Menurut Aldhy, dalam rapat dengan agenda penyerahan Permendagri nomor 60/2019 pada tanggal 19 Desember 2019 dari gubernur sebagai wakil pemerintah pusat di daerah, Bupati Halut mengeluarkan statmen sejuk, sosoki seorang negarawan dan tidak gaduh seperti apa yang disampaikan oleh Kadiskominfo Halut.
Dikatakan, salah satu bentuk kesepakatan dan arahan gubernur kepada kedua Pemerintah Kabupaten yakni agar segera melakukan penyesuaian cakupan wilayah yang terdiri dari batas kecamatan dan desa, serta melakukan pendataan kependudukan pasca diterbitkanya Permendagri batas daerah ini, sehingga pasca diterbitkanya permendagri nomor 60/2019, segala bentuk proses penyelengaraan pemerintahan, pembangunan dan pelayanan masyarakat termasuk pendataan jiwa pilih di wilayah batas antara kabupaten agar mempedomani permendagri di maksud.
“Kalaupun saat ini terjadi perbedaan pendapat dan pandangan terhadap Permendagri batas tersebut, ada ruang upaya yang diatur dalam perundang-undangan yakni melakukan gugatan/judical review atas diterbitkanya permendagri dimaksud sebagaimana yang pernah dilakukan Pemda Halteng terhadap Permendagri batas daerah Haltim-Halteng beberapa waktu lalu, bukan melakukan statmen tak berdasar dan gaduh,” tuturnya.
Lebih jauh dia mengatakan, perlu diketahui pasca diterbitkannya permendagri 60/2019 sebagian besar wilayah 6 Desa adalah desa desa yang berkodefikasi dan merupakan bagian dari Kecamatan Kao Teluk Halut, hanya terdapat sebagian cakupan wilayah di desa induk tersebut sebagaimana garis batas admnistrasi masuk dalam wilayah administrasi Kabupaten Halbar.
“Hal ini yang menjadi perhatian serius Pemprov Malut dan instansi terkait dalam hal ini KPU-Bawaslu dan Pihak Keamanan agar hak-hak konstitusi warga dalam pelaksanaan pilkada terakomodir, serta menjamin pelayanan dasar bagi masyarakat tersebut.
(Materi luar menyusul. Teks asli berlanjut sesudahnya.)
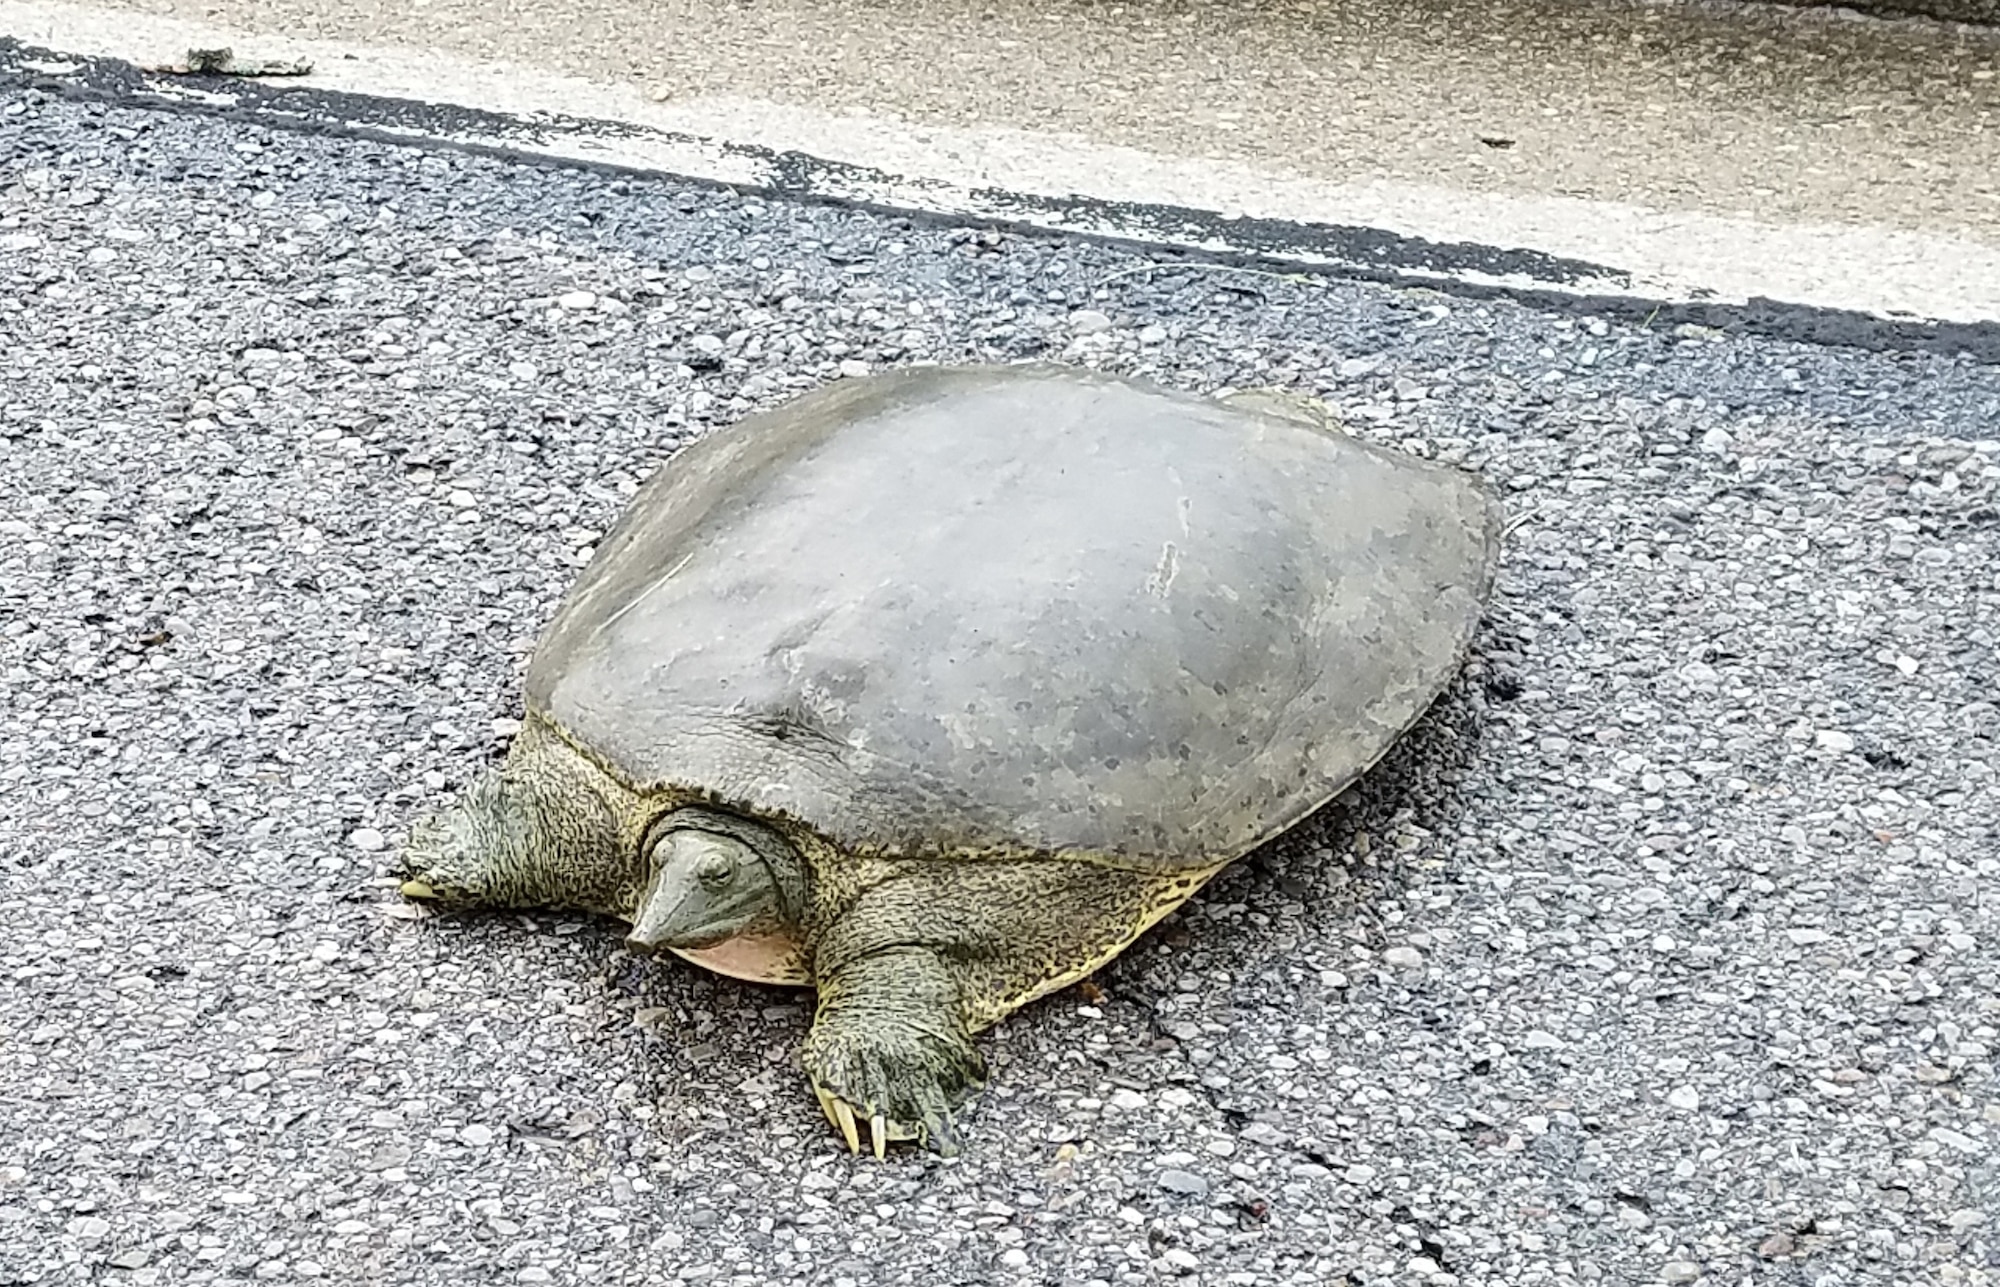 This Eastern Spiny softshell turtle was crossing the street to the golf course on Spruce Way. (U.S. Air Force photo/Laura McGowan)

Karena tidak akan bisa, khususnya di 4 Desa yakni Akelamo,Bobaneigo,Tetewang dan Gamsungi Kecamatan Kao Teluk Kab. Halut melaksanakan pelayanan dasar di sebagain cakupan desanya karena secara administrasi adalah bagian Wilayah Kabupaten Halmahera Barat,” jelasnya.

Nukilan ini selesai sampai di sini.